Day 4–Write about one thing you need to forgive yourself for, and then forgive myself.
So many transgressions I’ve committed (I won’t say “sins”) because that’s a word organized religion invented to make people feel guilty about having done things that feel good while we’re doing them.
But I need to forgive myself for having betrayed a woman. I betrayed her (without ever having met her) by sleeping with her husband from 2010-2012, all the while KNOWING HE WAS A MARRIED MAN and that’s not ok. I was an active alcoholic, I suffered from untreated depression & low self esteem at the time, but that doesn’t make it any less my fault. Sure, a married man stepped outside his marriage and came looking for someone else, but I never said “This isn’t right…go home to your wife,” until I got sober. And even when I did get sober, I didn’t stop seeing him because he was married, I stopped seeing him because he was abusive and, once sober (and in treatment for depression) I decided that I like myself too much to stay in an abusive relationship. I didn’t decide it was wrong to betray another woman.
But it is, it is completely wrong to betray someone by sleeping with their partner.

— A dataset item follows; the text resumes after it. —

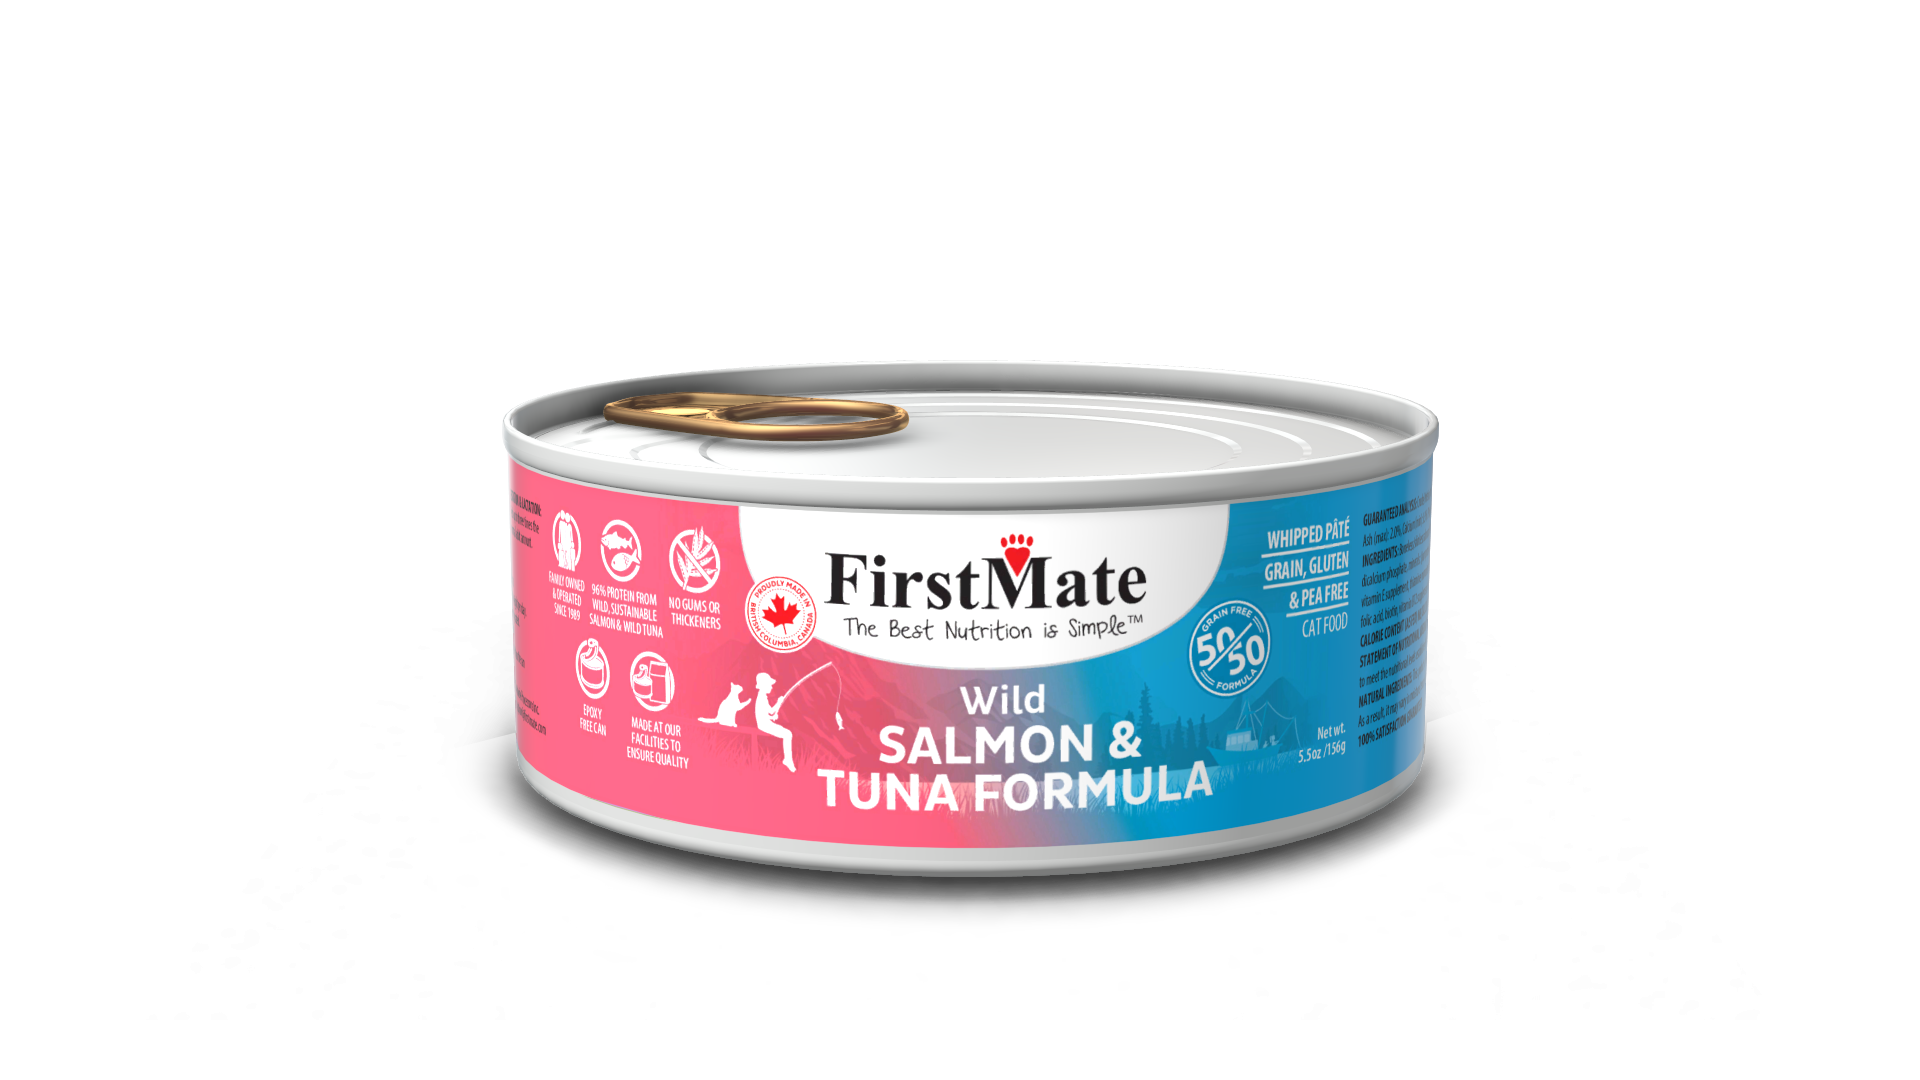 FirstMate FirstMate Limited Ingredient Diet 50/50 Salmon & Tuna Wet Cat Food 5.5oz
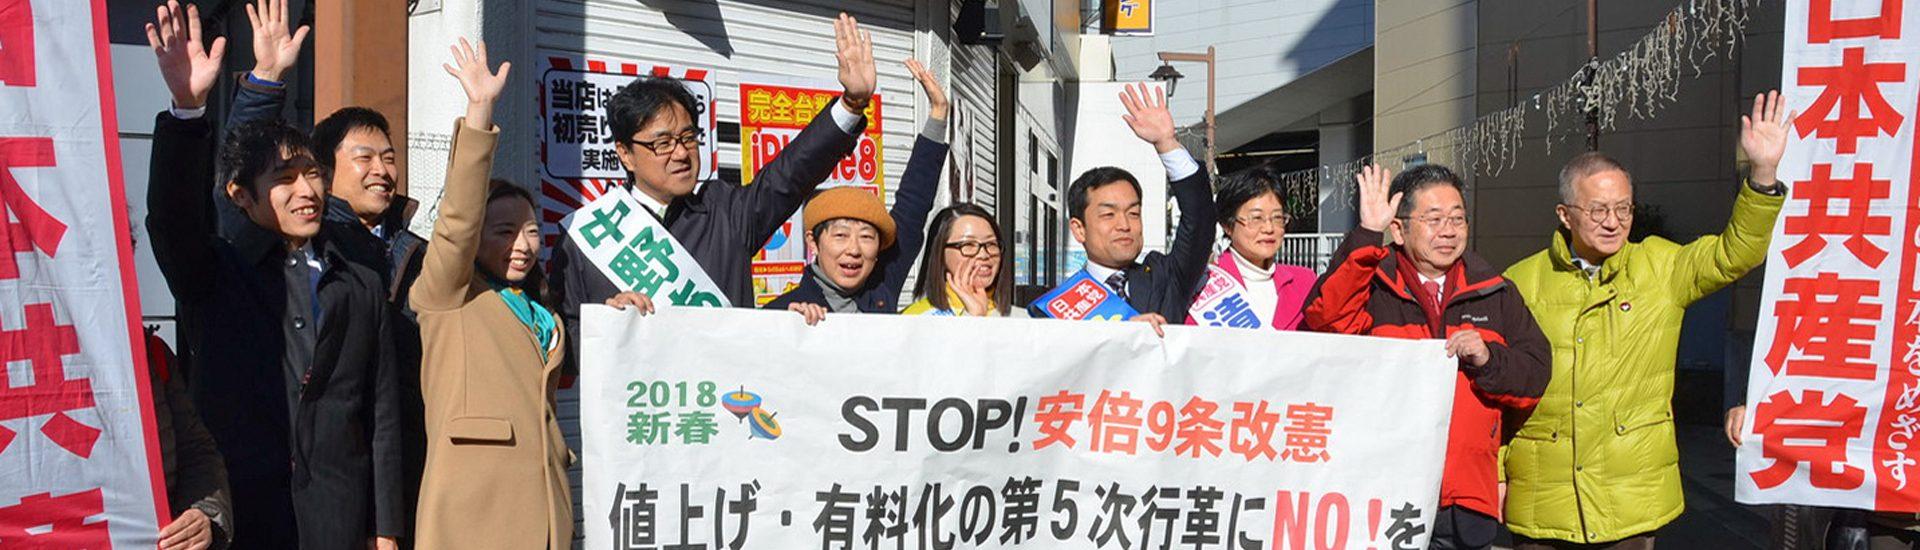 TPP撤退 農村再生を全国食健連が新春行動

I’ve always known that, but now, as a sober woman, I’m very careful about what I do and who I talk to. I find out a man is in any kind of a monogamous relationship and that man automatically becomes off-limits to me.
I don’t ever want to be the thing that wrecks someone else’s marriage. I don’t need a jealous/angry girlfriend shouting “Homewrecker, how could you,” into my face. The next time a man steps outside his relationship to look for something else and finds me, I’m sending him right back where he came from. I can’t undo what I did between 2-5 years ago, but I won’t do it again.
I forgive myself for having slept with another woman’s husband, though. It was a shitty thing to do, but that was kinda my life at the time…all I did was shitty things, all I made were bad decisions. I forgive myself not because I think I’ve become such a wonderful person, but rather because I know forgiveness is necessary for me to move on with my life.